А потом я стояла посреди улицы, сжимая портфель, глядя на уродливый мир вокруг, чувствуя, как на меня обрушивается тяжесть зданий.

И я пошла.

Тридцать шесть кварталов.

Это заняло много времени. Мои шаги были медленными, мешала боль в животе, от ран, которые оставались зашитыми, но почему-то все еще кровоточили.

Я лелеяла нелепую надежду, что эта боль будет всегда, что я никогда не исцелюсь.

В какой-то момент я остановилась посреди тротуара. Не от боли, а от нечестивой, но внутренней эмоции.

Это была не печаль, наконец, догнавшая меня, когда я ковыляла прочь от трупа своей предыдущей «я».

Это была ненависть. Чистая и слепящая ненависть к окружающим. Те, что улыбаются в телефоны или смеются со своими друзьями. Толкают коляски. Живут.

Все они ничего не замечали.

У меня возникло внезапное, но настоящее желание закричать на них, причинить им боль. Сделать что-нибудь, чтобы прорвать неровную и уродливую дыру в их нормальности, чтобы показать им реальность. Чтобы столкнуть их в пропасть, где я жила.

С такой страстью хотела, чтобы они все пострадали, что, будь у меня какое-нибудь оружие, я бы напала.

Но осколки моей души нападали лишь на мен, и я пошла дальше.

В дом своего детства.

Двери уставились на меня. Казалось, двери всегда на меня смотрят. Насмехаются.

Ответила экономка.

Я ее не узнала.

Конечно, я ее не узнала. Моя нога не ступала в семейный дом со дня свадьбы два года назад. К тому времени у моей матери было бы не меньше двадцати служанок.
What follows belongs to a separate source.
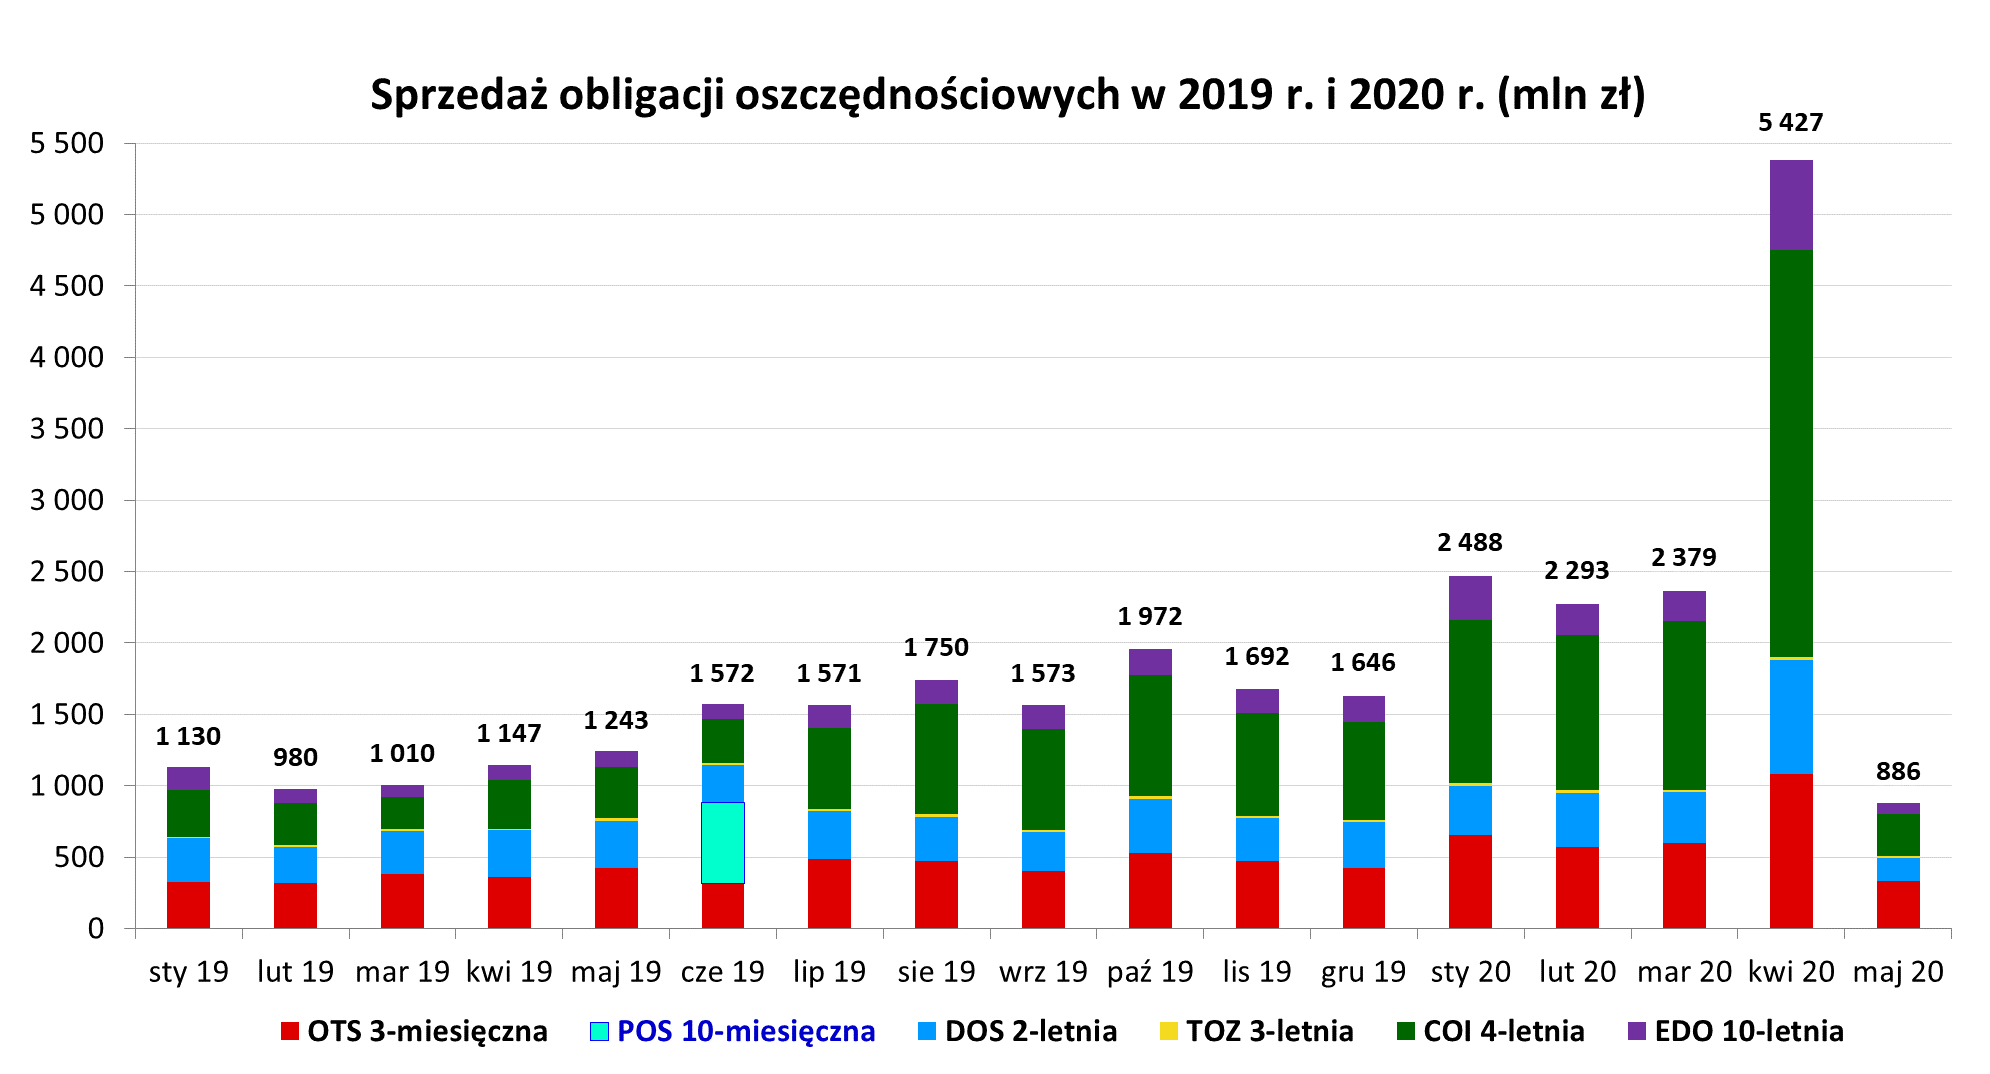 Wykres dot. sprzedaży obligacji w 2019 i 2020 r. w mln zł

— Да? — спросила она, и на ее лице не отразилось ни капли узнавания.

Я прочистила горло. Оно царапалось.

— Я здесь, чтобы… — я оборвала себя, не зная, что сказать. Голос у меня был хриплый, горло не привыкло говорить.

Я не разговаривала с тех пор, как вышла из больницы.

Мы могли бы постоять так какое-то время, горничная смущена, скорее всего, напугана, а я немая и бесполезная.

— Вивиан, я просила тебя мыть полы, а не пачкать их грязной шваброй, — резкий голос прорезал неловкость разговора.

Горничная вздрогнула, услышав этот голос, оглянулась, потом снова посмотрела на меня.

— Будешь стоять с открытой дверью и не выполнять работу, для которой тебя наняли? — теперь голос звучал ближе, и мы с Вивиан были парализованы им.

Дверь открылась шире, и горничной ничего не оставалось, как отпрянуть в сторону, чтобы показать мою мать. Она, конечно, не изменилась; ее пластическому хирургу щедро заплатили, чтобы он позаботился об этом.

Но не ботокс помешал ее лицу принять хоть какое-то выражение, когда она увидела свою дочь впервые после какой-то вечеринки год назад. А может, и дольше. Она знала обо всем. Вот что делала моя мать: собирала информацию, хранила ее, как боеприпасы, чтобы предложить отцу во время войны. И, что еще важнее, в мирное время. Под видом мира было пролито больше крови, чем под любым другим.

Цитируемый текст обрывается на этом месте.